# Schubert as a "Great" Symphonist



## peeyaj

peeyaj said:


> Reading thru the thread of "Greatest Symphonists", I was struck by the outright dismissal of TC's members on Schubert's importance and contributions to the symphonic literature. Perhaps it is the prevailing thought that Schubert, as the greatest of songwriters, struggles in large instrumental forces, and cannot equal with Beethoven in that genre.
> 
> But, scholars and critics dismissed this ephemeral claim.Yes, Schubert created six symphonies on the style of Haydn and Mozart, but his last two symphonies, the "Unfinished" and "Great" were some of the greatest and most popular in classical music. These two symphonies heralds the new sound of the symphony in the Romantic era and according to Wikipedia..
> 
> *"Schubert's first few symphonies may be works in progress.

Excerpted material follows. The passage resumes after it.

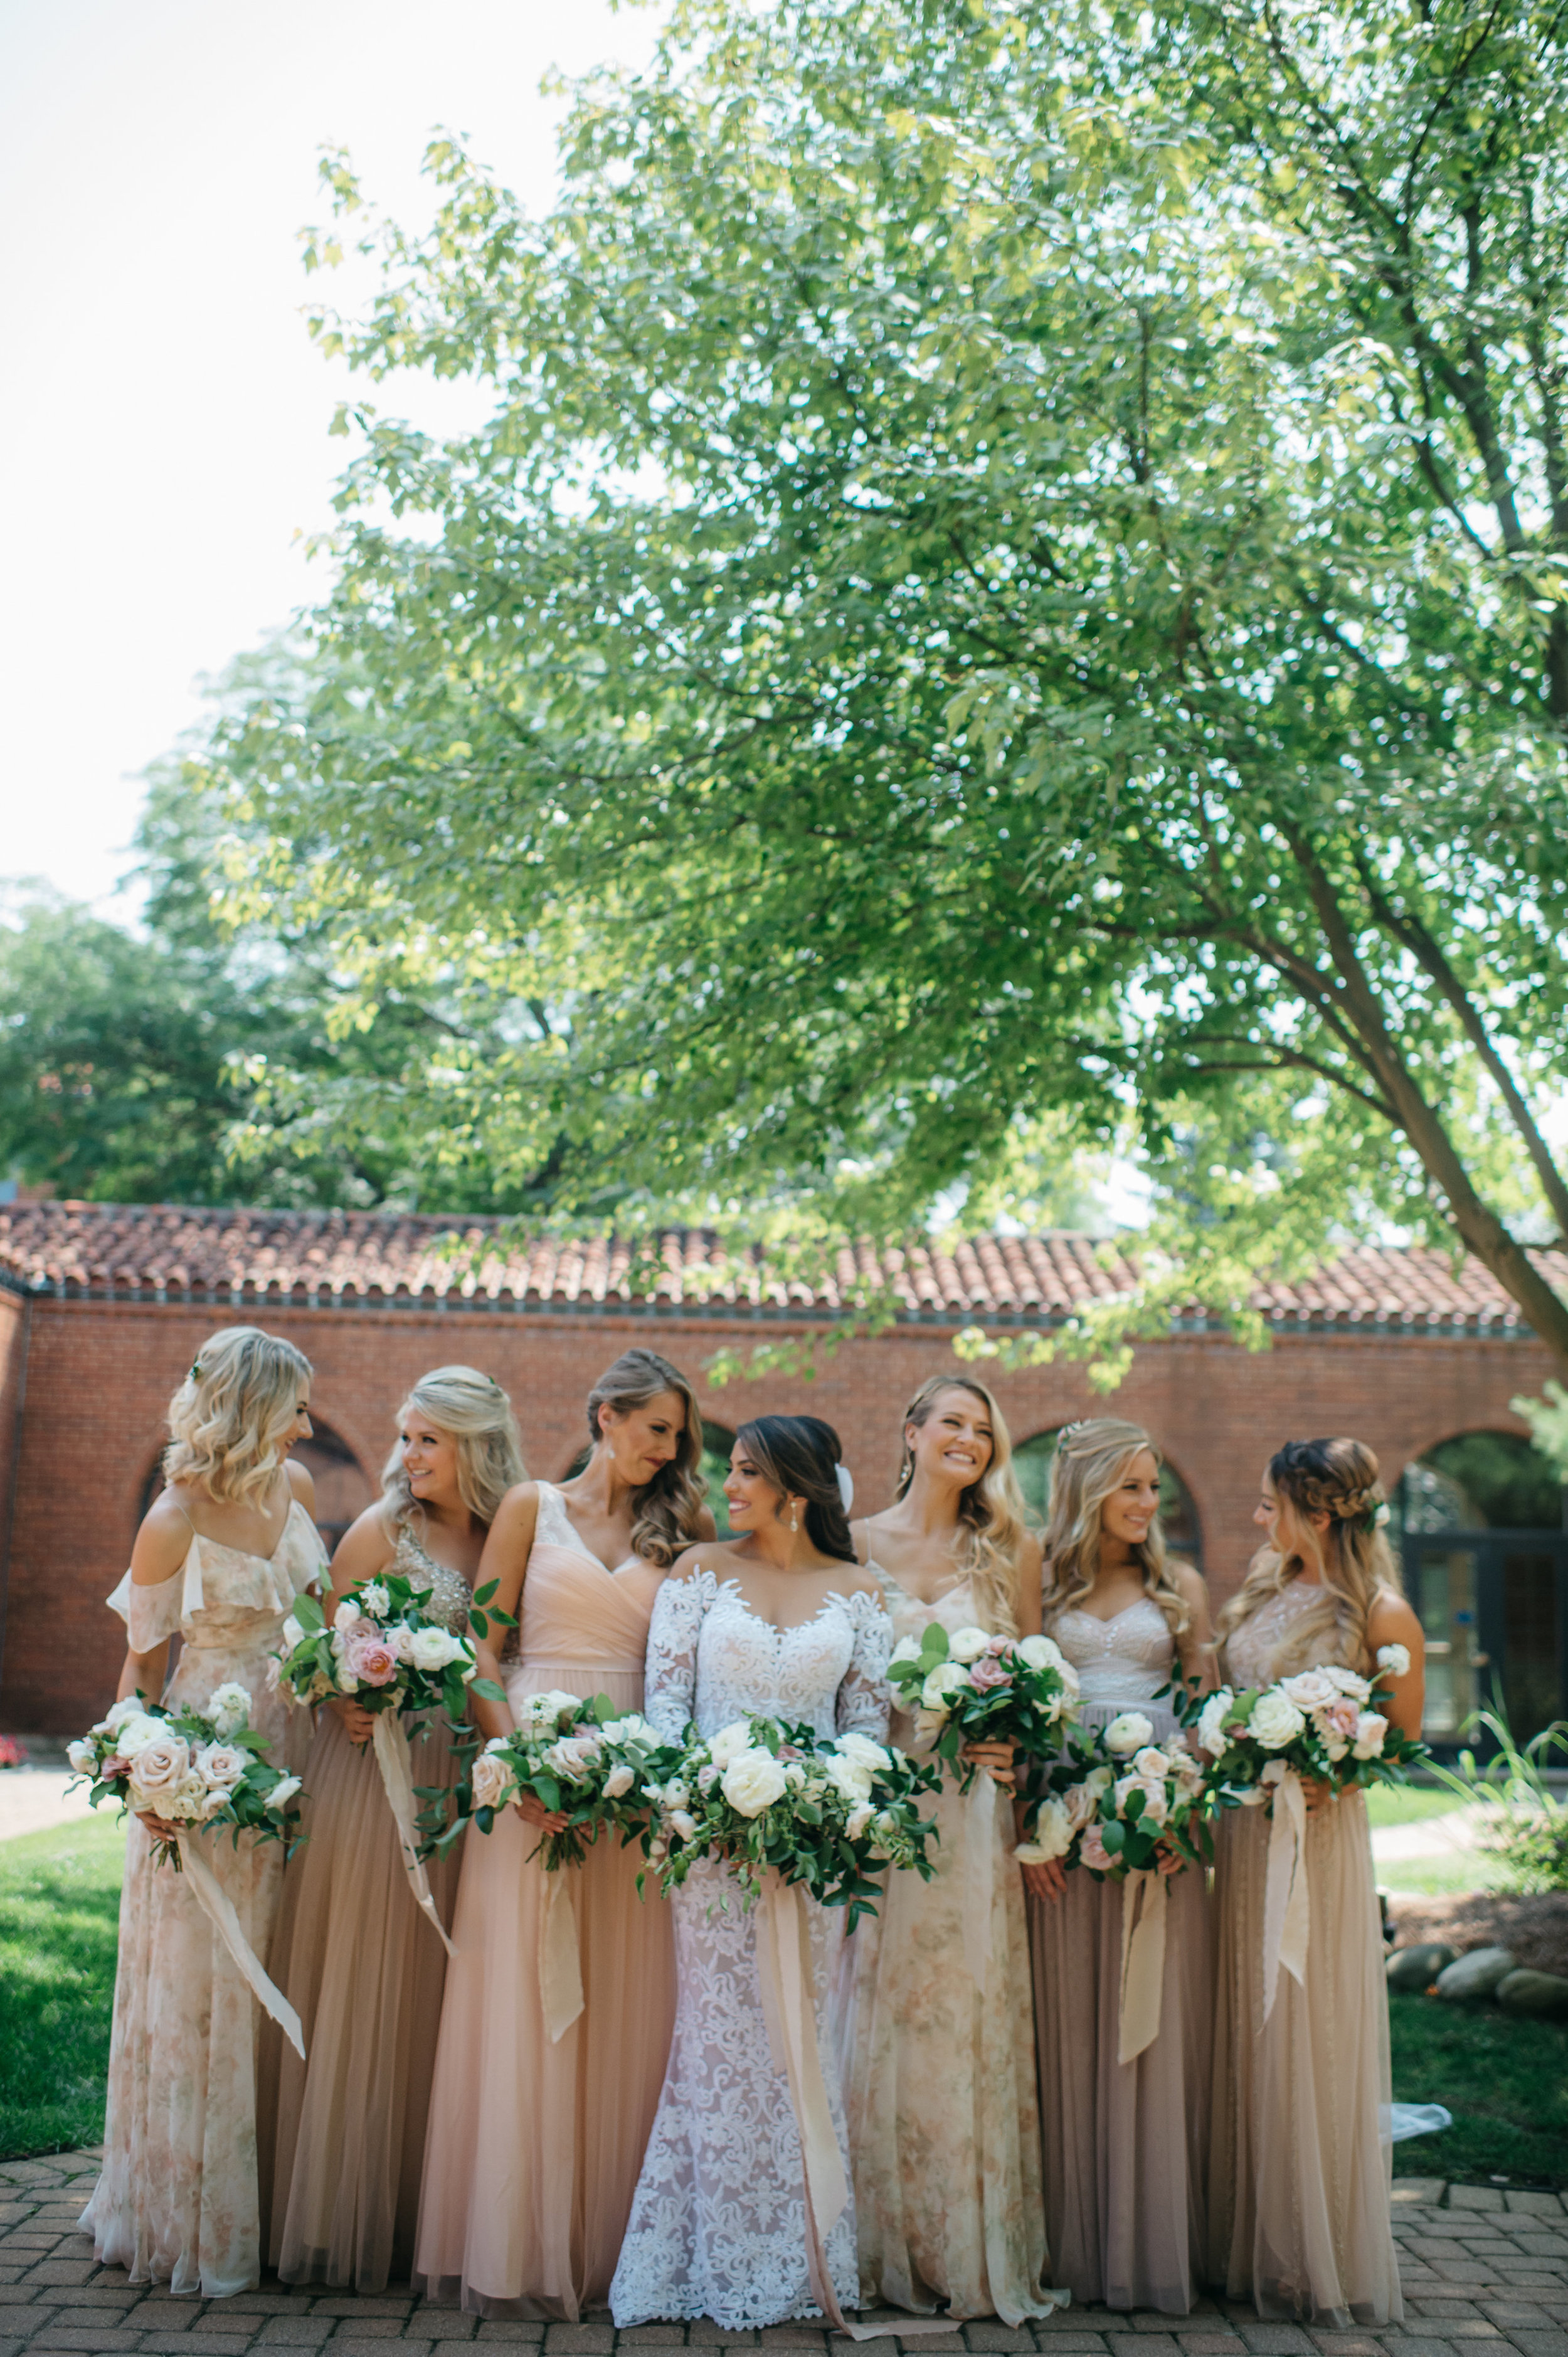 custom wedding planners michigan event design paper goods florals bridal party bridesmaids bouquets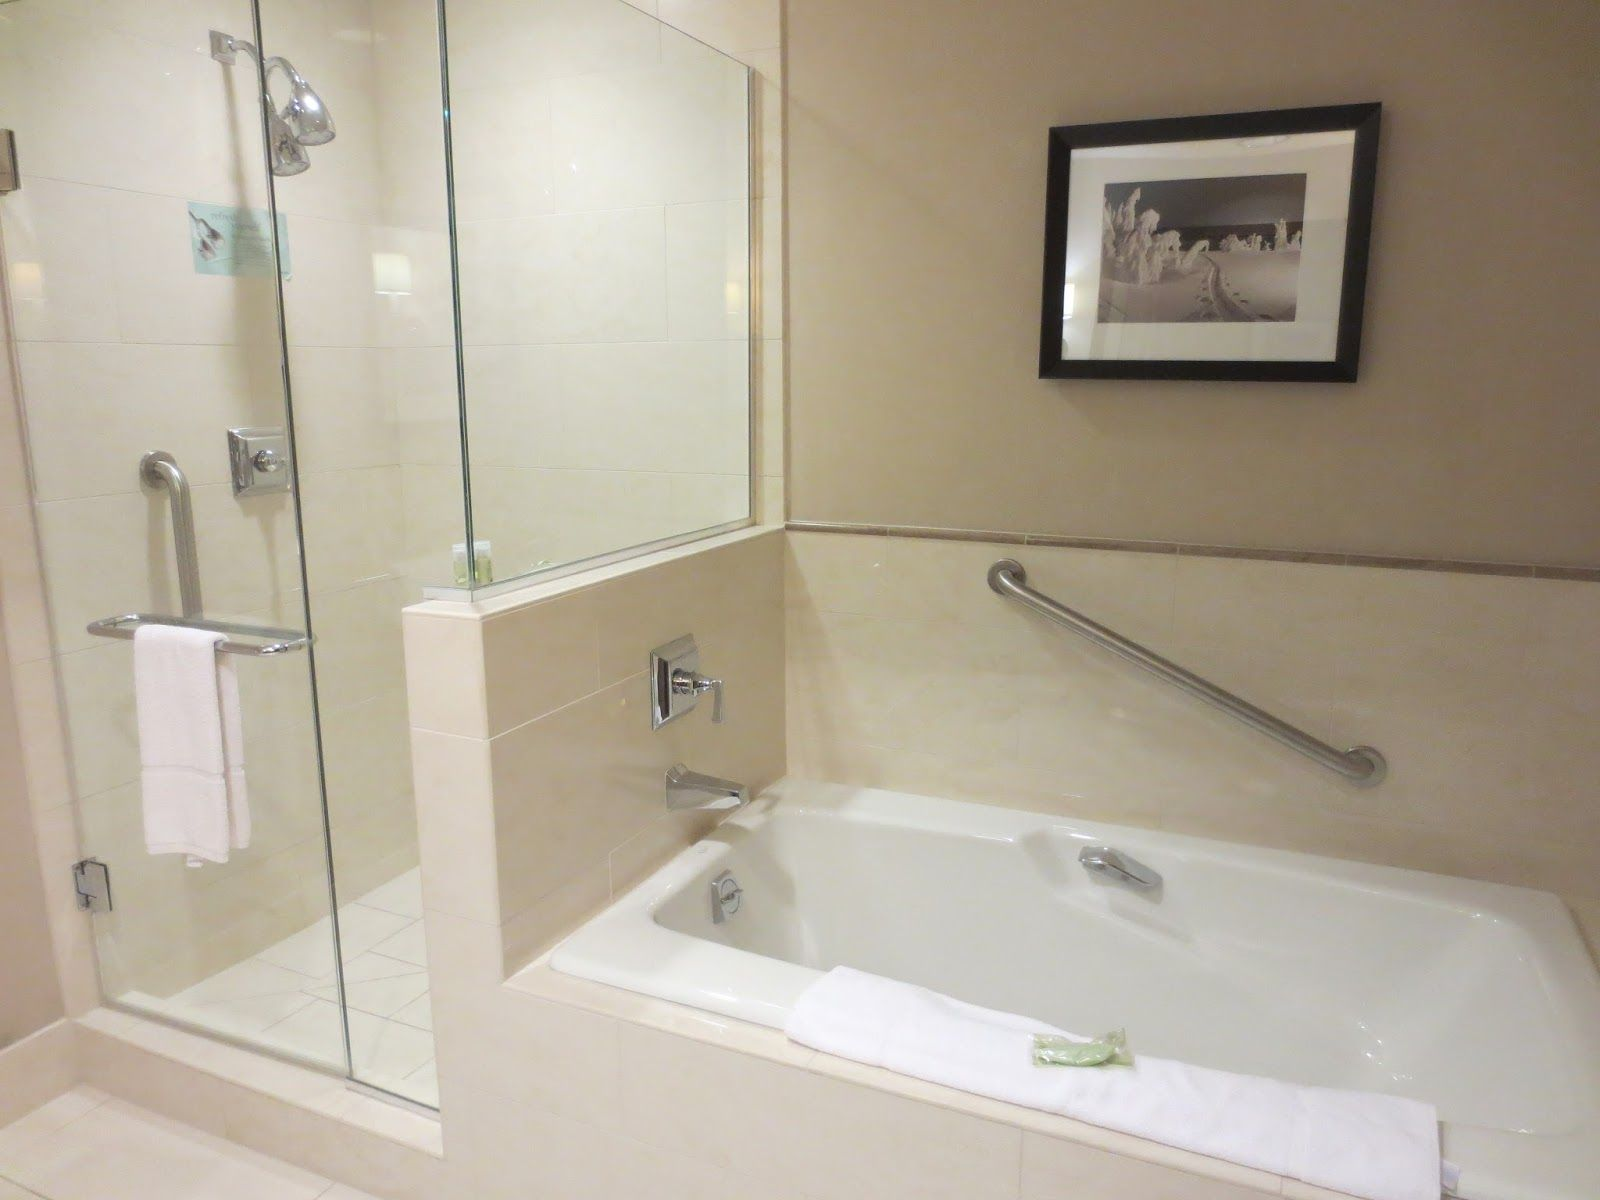 Cozy Kohler Shower Base For Your Bathroom Design Ideas Best

But the "Unfinished" and especially the Ninth Symphony are astonishing. The Ninth paves the way for Bruckner and prefigures Mahler."*
> 
> and according to this, on both Eroica and Unfinished: http://www.dorak.info/music/sform.html
> 
> On the other hand, the first movement of the Unfinished, despite being in sonata form with its themes (first and second subjects) and structure (well-articulated exposition, development, recapitulation and coda), does not observe the tonal plan of the sonata principle. The second subject is not recapitulated in the tonic but in the relative major. The tonal conflict is created by moving away from the tonic but not resolved by returning to it. The 'drama' of the movement is then provided by the contrasting themes. The more tuneful nature of the second subject is one of the first signs of what was going to come in the Romantic period. Both symphonies herald different aspects of the Romantic sonata form. Therefore, the differences cannot be attributed to a higher tendency of either composer to Romanticism.
> 
> *The major difference between them, that is the unusual tonal plan of the Unfinished, reflects the decreasing importance of the conventional tonal plan of the sonata principle in Romantic music. In Romantic music, key relationships are less important than thematic relationships. The contrast between the themes and their lyrical nature are more relevant. This shift of emphasis is emerging in the Unfinished. It is no surprise that the keys Schubert chose for his second subject in the Unfinished are the submediant and the mediant. The third relationships as the device of moving from the tonic, often seen in Beethoven, were a potent means for Schubert to enrich his harmonic scheme [p. 434 in Ref.3]. He used the submediant key to set up the tonal conflict in the exposition also in his Tragic Symphony in a minor key [p.74 of Ref.5]. He does what he likes but not what the Classical conventions impose. In retrospect, these modifications can be called forward-looking as later in the nineteenth century, such tonal deviations became a norm in Romantic music. *
> 
> And listen:
> 
> 
> 
> 
> 
> 
> 
> 
> 
> 
> 
> Thoughts???
> 
> Dvorak..


----------



## Sid James

I certainly can't remember dismissing Schubert's symphonies, even though I'm a bigger fan of his chamber music by far. My opinion of his last two symphonies (well, three if you include the unfinished tenth completed by Brian Newbould) prefiguring Mahler and Bruckner - what Schumann called Schubert's "heavenly length" - corresponds with that quote you put above from Wikipedia. He was equally important to guys like Beethoven, in other words, in developing the symphonic genre to what it became later & some might say that he went farther than Beethoven in terms of the _Great C-Major _symphony being pronounced unplayable during Schubert's time by the Vienna Philharmonic. I don't remember them saying that about Beethoven's music, but yes his late string quartets were considered very very challenging, but not unplayable (maybe only just playable, but let's not split hairs)...


----------